[Work request] Your copy of the listing must be exact and must hold no images.

[Dataset section]
[Start of section]

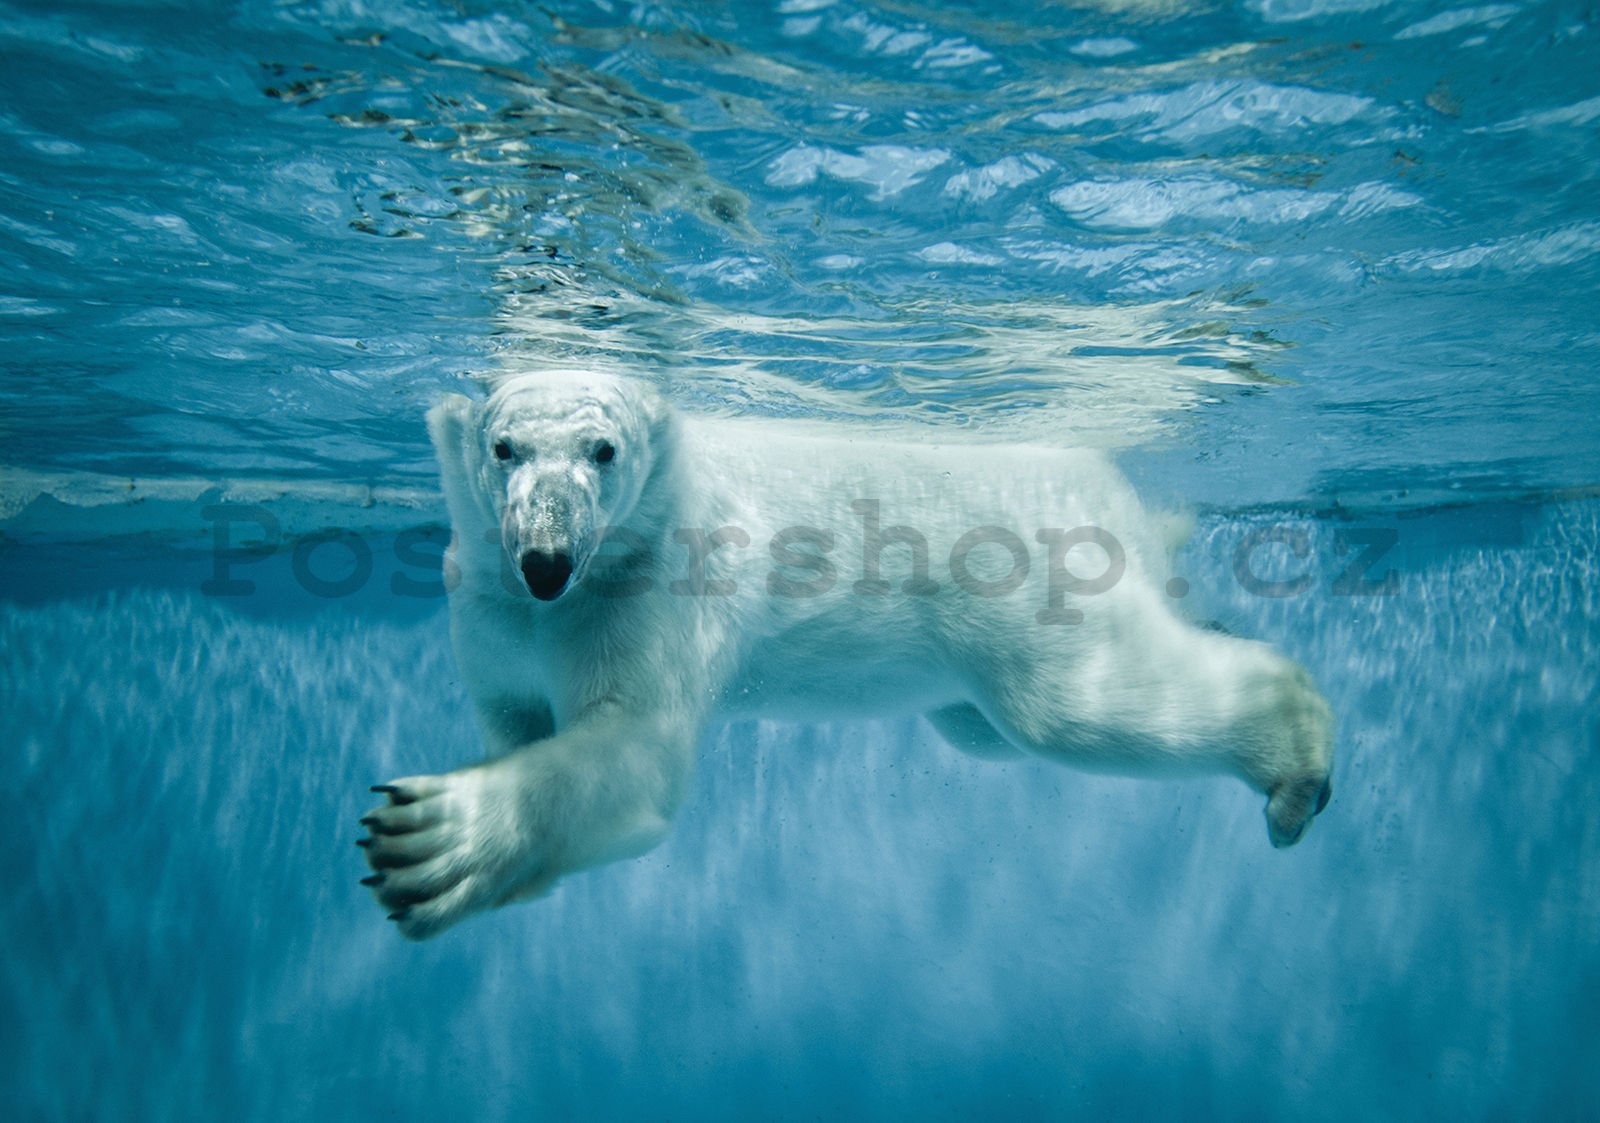 Fototapeta vliesová: Lední medvěd (1) - 416x254 cm
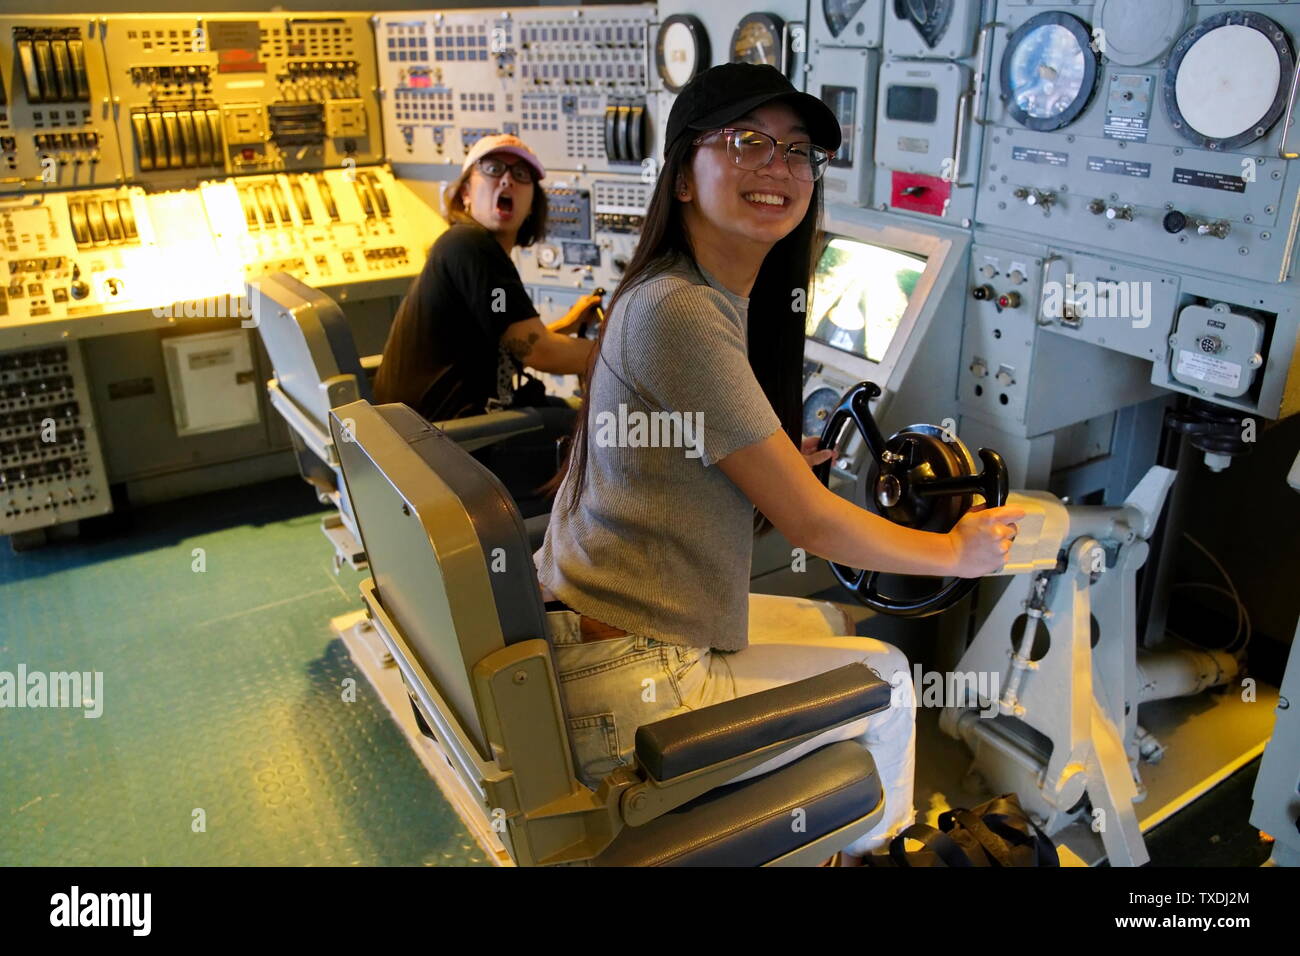 Le Musée de la force sous-marine de Groton, CT USA, juin 2019. Les jeunes femmes asiatiques Américains profitant de la station de contrôle d'un sous-marin américain. Banque D'Images
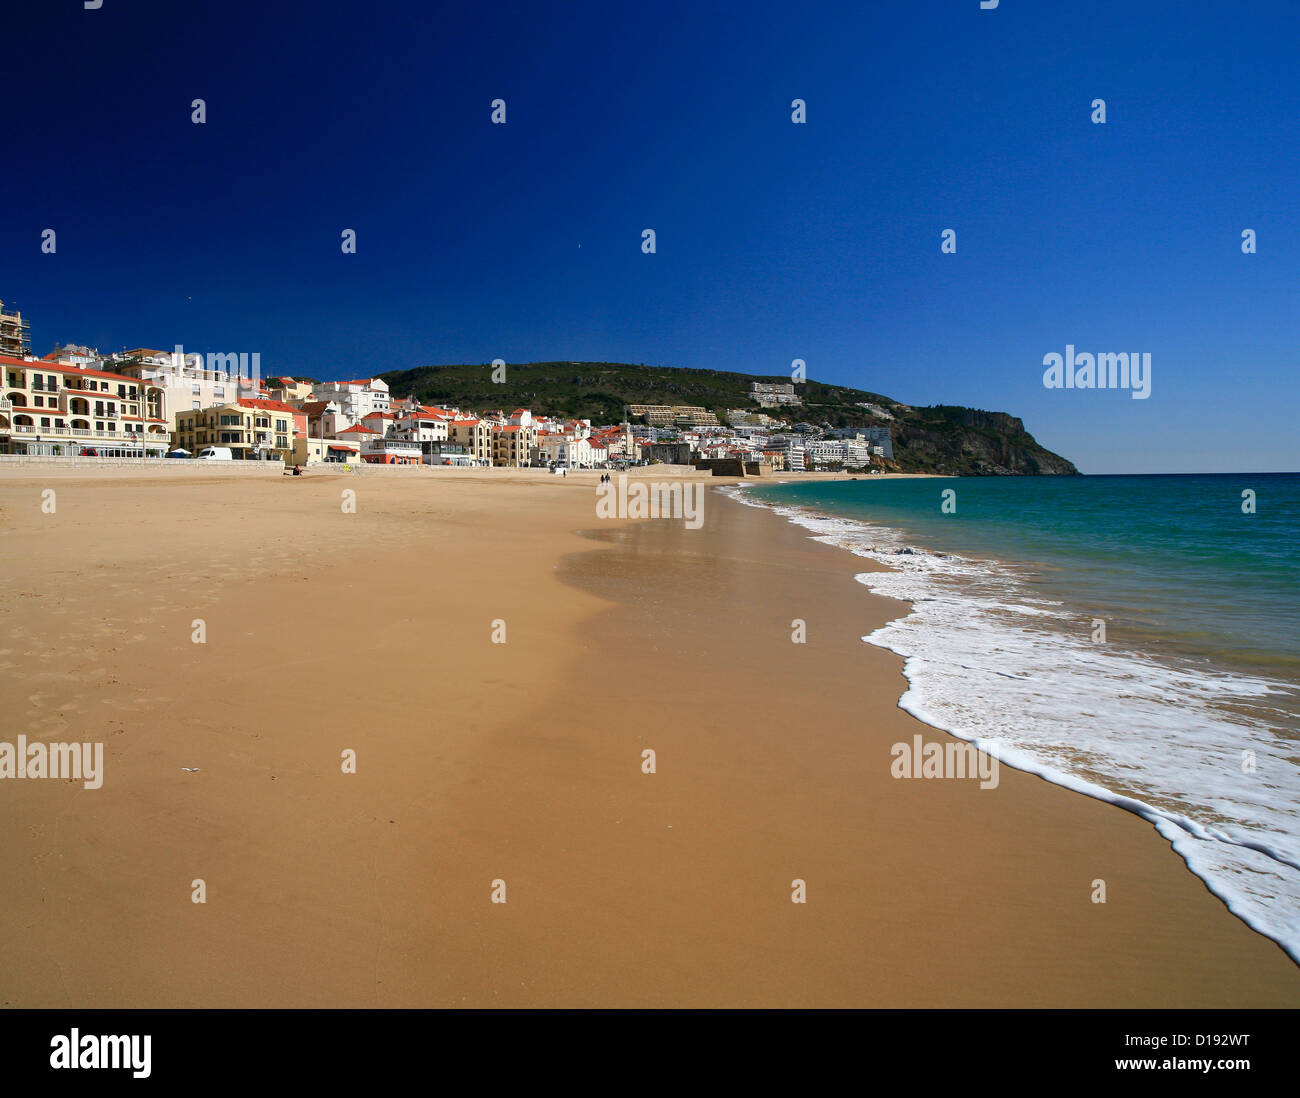 Plage de Sesimbra, Portugal, ciel bleu, surf. Banque D'Images

[End of section]

[Output]
 Fototapeta vliesová: Lední medvěd (1) - 416x254 cm
 Le Musée de la force sous-marine de Groton, CT USA, juin 2019. Les jeunes femmes asiatiques Américains profitant de la station de contrôle d'un sous-marin américain. Banque D'Images
 Plage de Sesimbra, Portugal, ciel bleu, surf. Banque D'Images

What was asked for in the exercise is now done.